Development costs including apps used by national Patient Safety staff for their statutory functions around review and analysis, the PSIRF module and NRLS decommissioning total £4.2M from 2017 to 2022.
For context, the NHS Patient Safety Strategy estimates that almost 1,000 extra lives and £100 million in care costs could be saved each year from 2023/24 by its full implementation, including the delivery of LFPSE. The potential exists to reduce claims provision by around £750 million per year by 2025. We have been assured by LRMS vendors that there will be no direct cost in upgrading to LFPSE-compliant versions of their software. However, some support contracts may require local spend on implementation. Further details can be found on our Compliant Vendors page.
The Development of the Patient Safety Incident Management System (DPSIMS) was the working title for the project to develop LFPSE. The “Learn from patient safety events” (LFPSE) service is the output of the DPSIMS work. You can read more about this name change here.
The National Patient Safety Team (NHS England) have a statutory responsibility to collect and learn from safety information, including patient safety incidents – defined as ‘unintended or unexpected events (including omissions) in healthcare that could have or did harm one or more patients’ – and to provide associated advice and guidance to the National Health Service (NHS).
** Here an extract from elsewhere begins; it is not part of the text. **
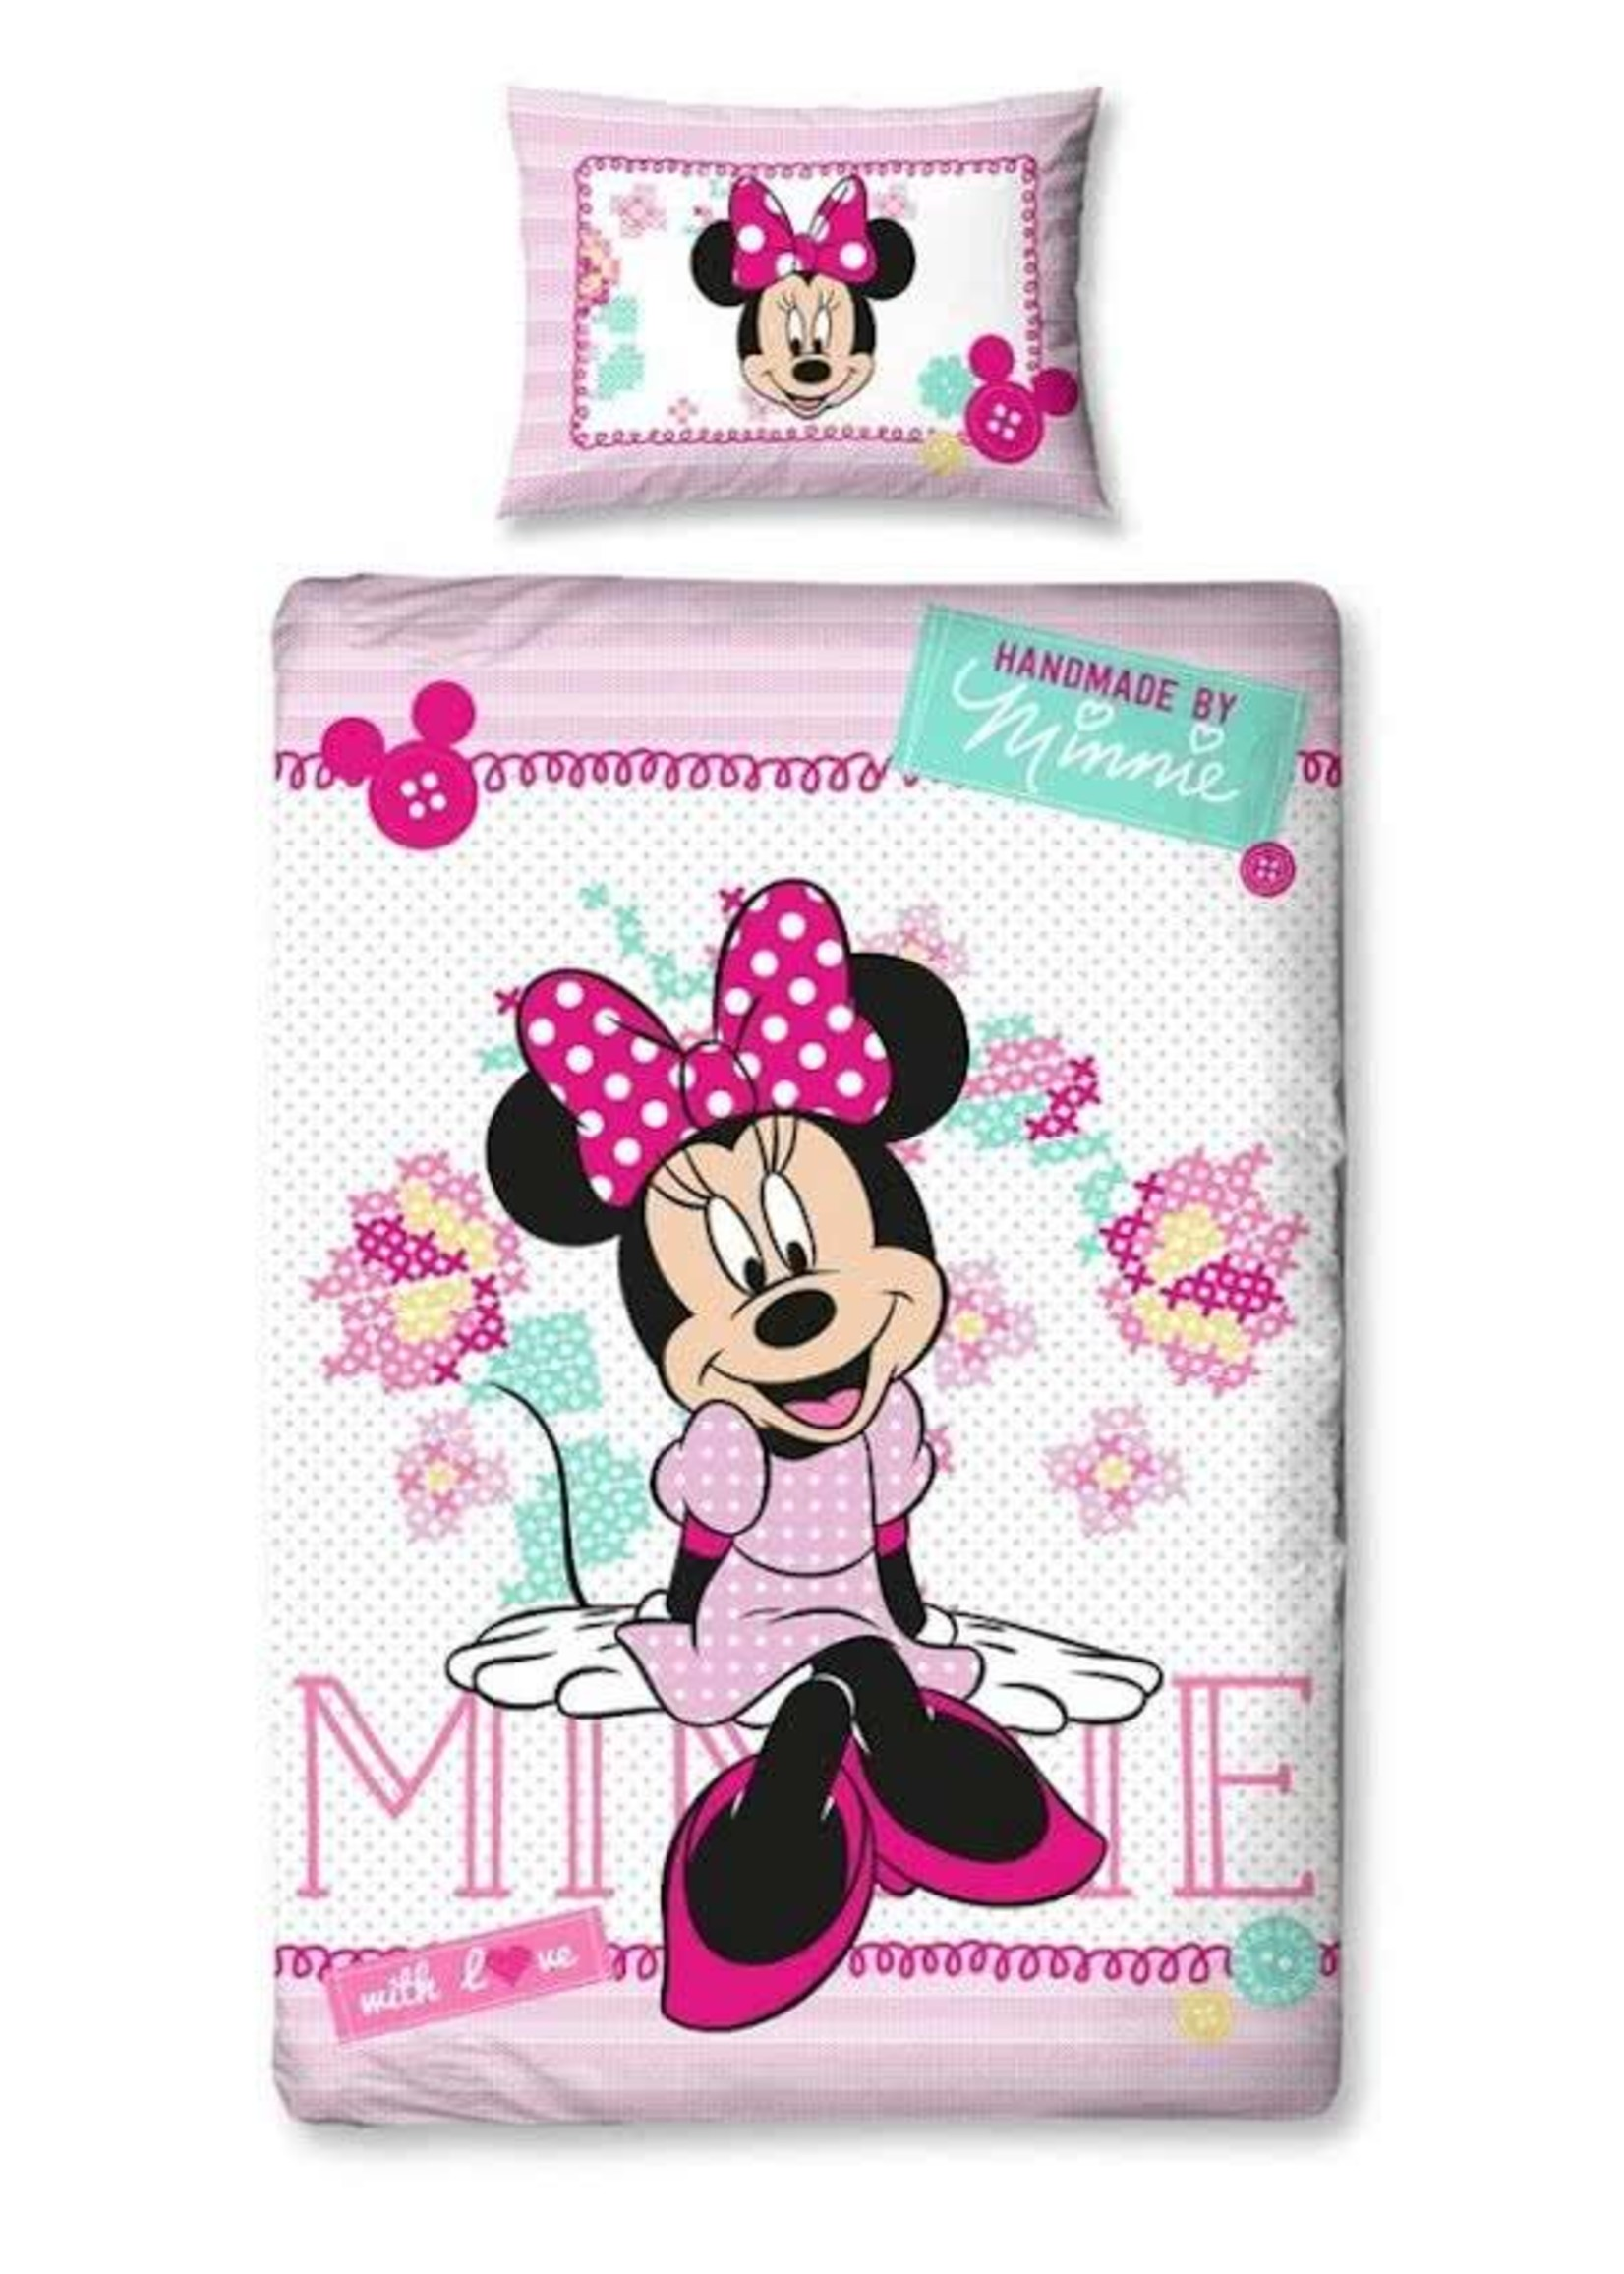 Disney Minnie Mouse Dekbedovertrek Handmade with Love

To support this responsibility we can and do use safety information relating to ‘healthcare’ where that healthcare is delivered by NHS providers, as well as by non-NHS providers when commissioned to deliver healthcare services to NHS patients.
We do not have a remit for collecting or acting on information regarding provision of social care services that are not related to NHS funded healthcare, but would encourage recording of information about NHS funded healthcare to the LFPSE service from social care providers, should they be aware of information that would support the aim of making NHS funded healthcare safer for patients.